Moving Picture: Northlake gravedigger says job part of life
Adalberto Nevarez Jr. gives people the creeps when he tells them he's a gravedigger.
The Northlake resident is following in his father's footsteps. Beto, as he is called, started hanging out at the Mt. Emblem Cemetery every Saturday at age 12, watching his father water the sod and prepare graves for 12 years.
Now, at 24, he's been working at Dignity Memory Gardens Cemetery in Arlington Heights for four years. When digging a grave, Beto doesn't think about his own mortality.
“When I'm digging the grave, it's just a part of life,” Nevarez says, “I feel bad for the families that we're doing that for.”
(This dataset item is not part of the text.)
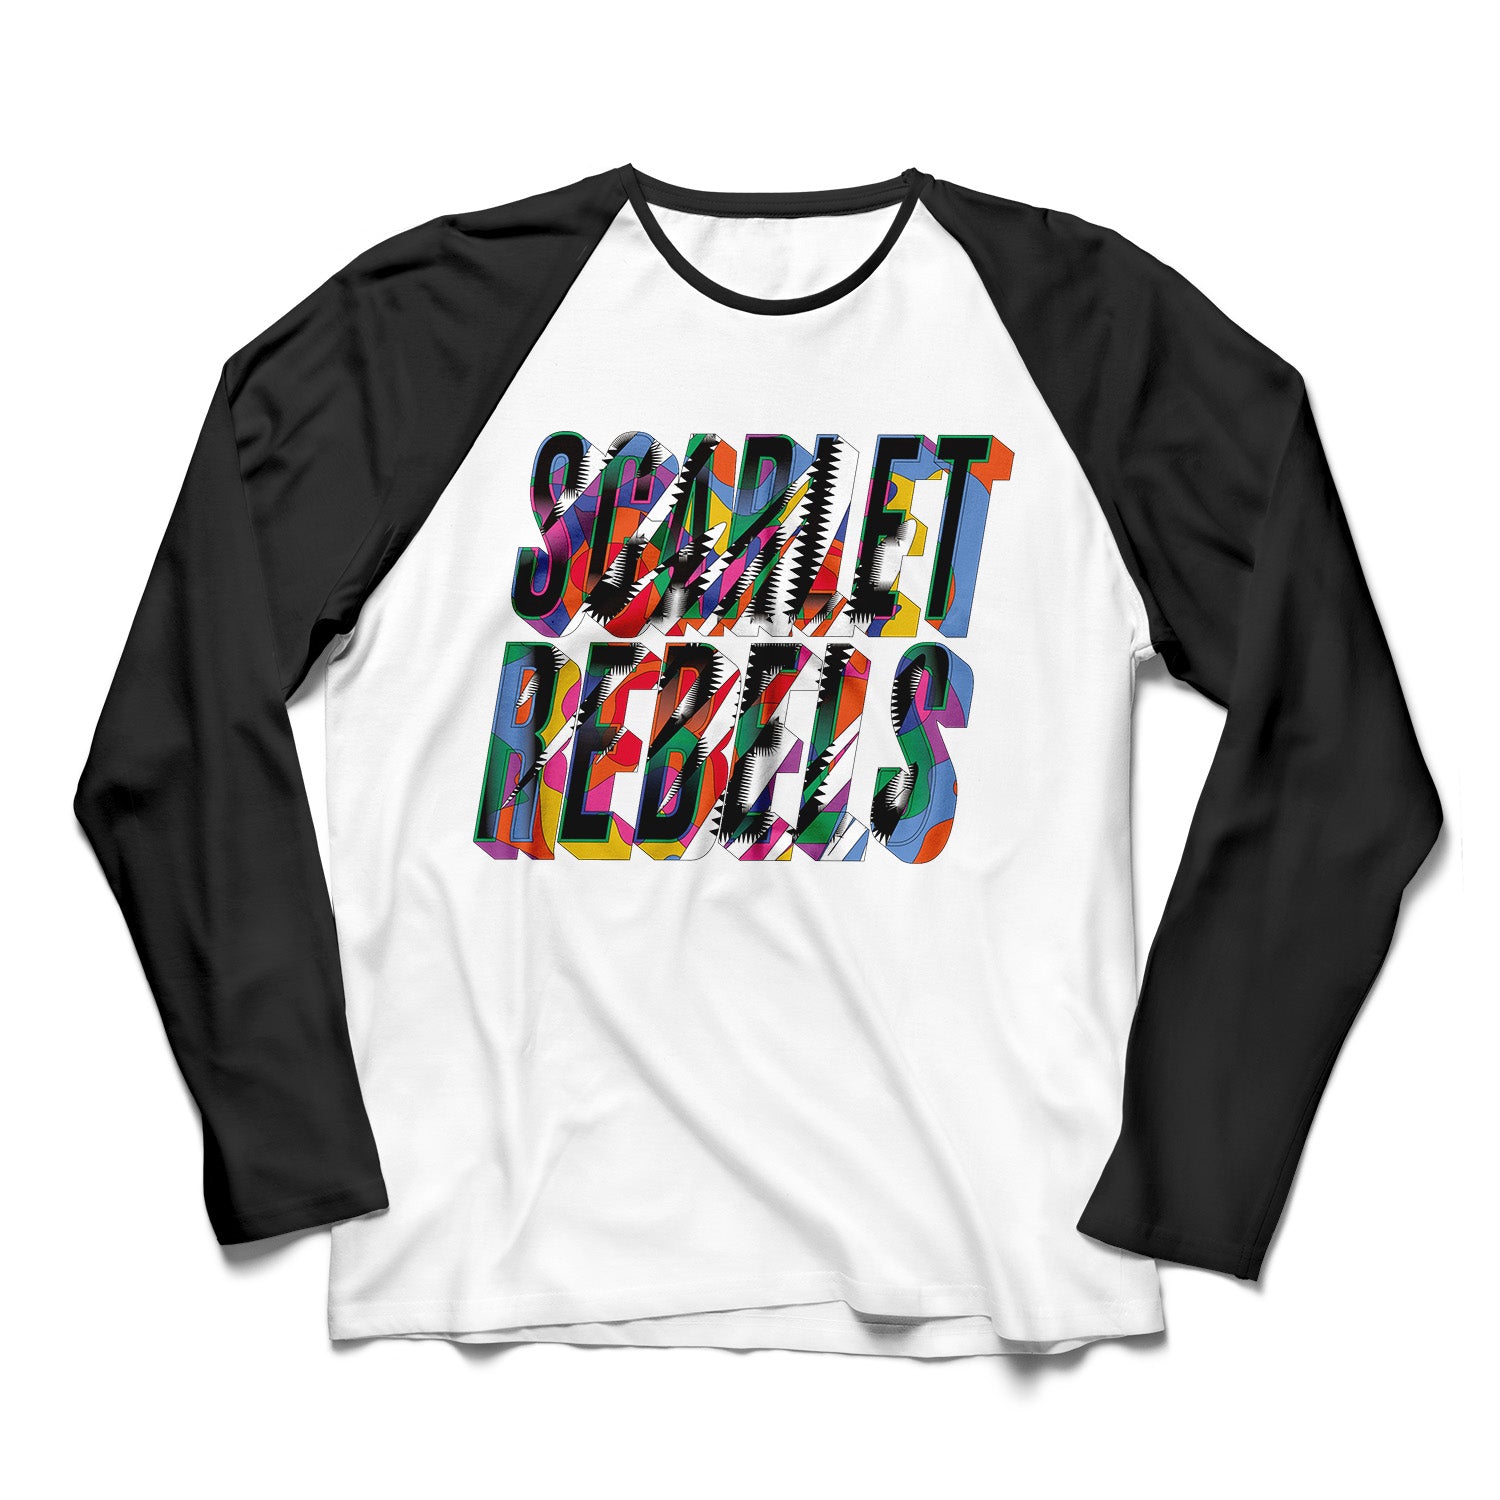 Scarlet Rebels "Where The Colours Meet" Long Sleeve Raglan T shirt - PRE-ORDER
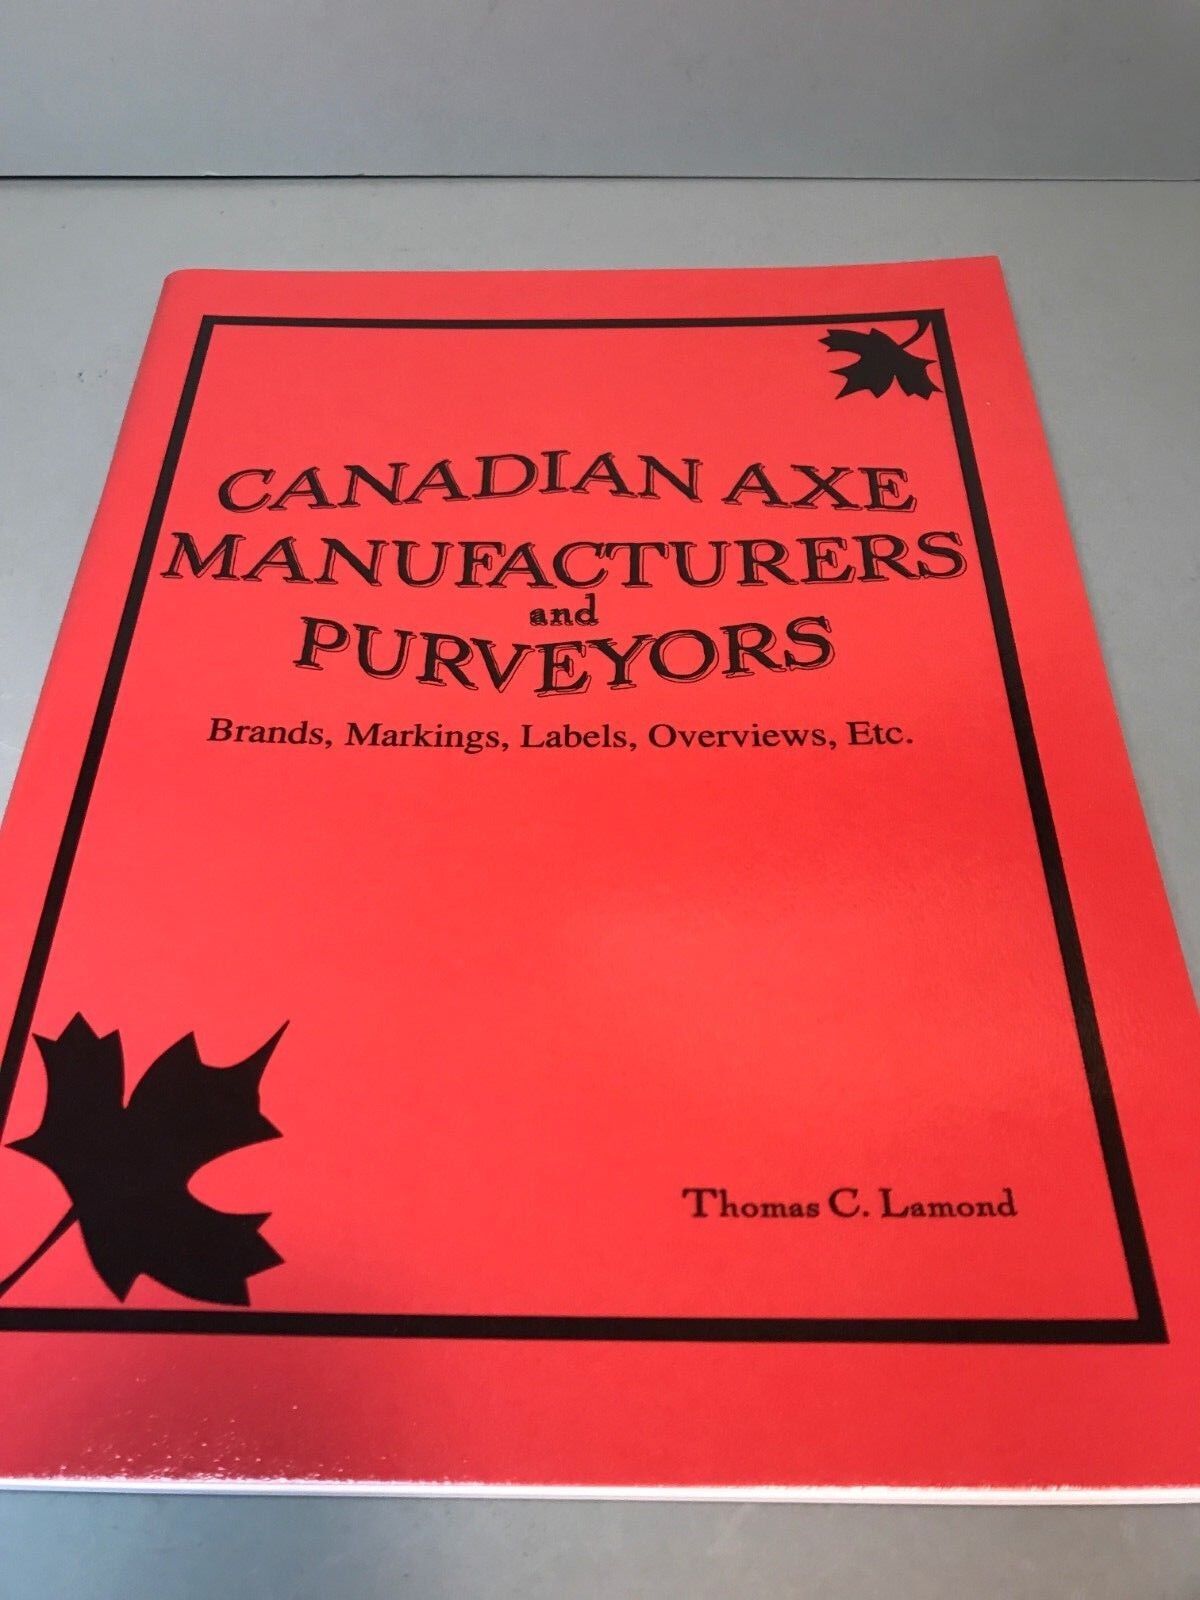 CANADIAN AXE MANUFACTURERS & PURVEYORS BY THOMAS LAMOND

The actual hard labor of digging a grave today is done by a backhoe in compliance with local standards and regulations, usually the day before the service. Three feet wide by six feet deep.
In the case where interment of ashes are being laid to rest, manual labor with a shovel and spade, sweat and muscle are used to dig a hole 18 inches down.
Beto uses a steel probe to locate the vault underground beforehand, and when steel meets the concrete lid of the crypt there is a large thud. When this happens, Beto describes it as “just saying hello.”
Nevarez says digging the fresh graves is usually incident free, but occasionally some underground shifting occurs and older vaults end up in the way. Families connected to the older vaults are quickly notified and the remains are repositioned in their rightful place.
For the most part, Beto's job as a gravedigger is discretion. He makes sure that the grave is prepared before any mourners arrive, and he waits until the loved ones of the deceased have left the burial site before beginning the process of sealing the open grave and putting dirt back in place, although a few do opt to remain for that part of his job.
Nevarez says he doesn't like being involved with funerals of young children, and those hit home since he has a 4-year-old daughter of his own.
In some cases, he is on-site when disinterments are required, meaning graves are reopened for various reasons, like moving remains to a different location or adding ashes of another family member to the casket.
“When I dug my first grave I thought about it more, that there's somebody deceased right next to me,” Nevarez says. “As the years went by I just look at it like a normal job. I don't think about it that much, about my own death.”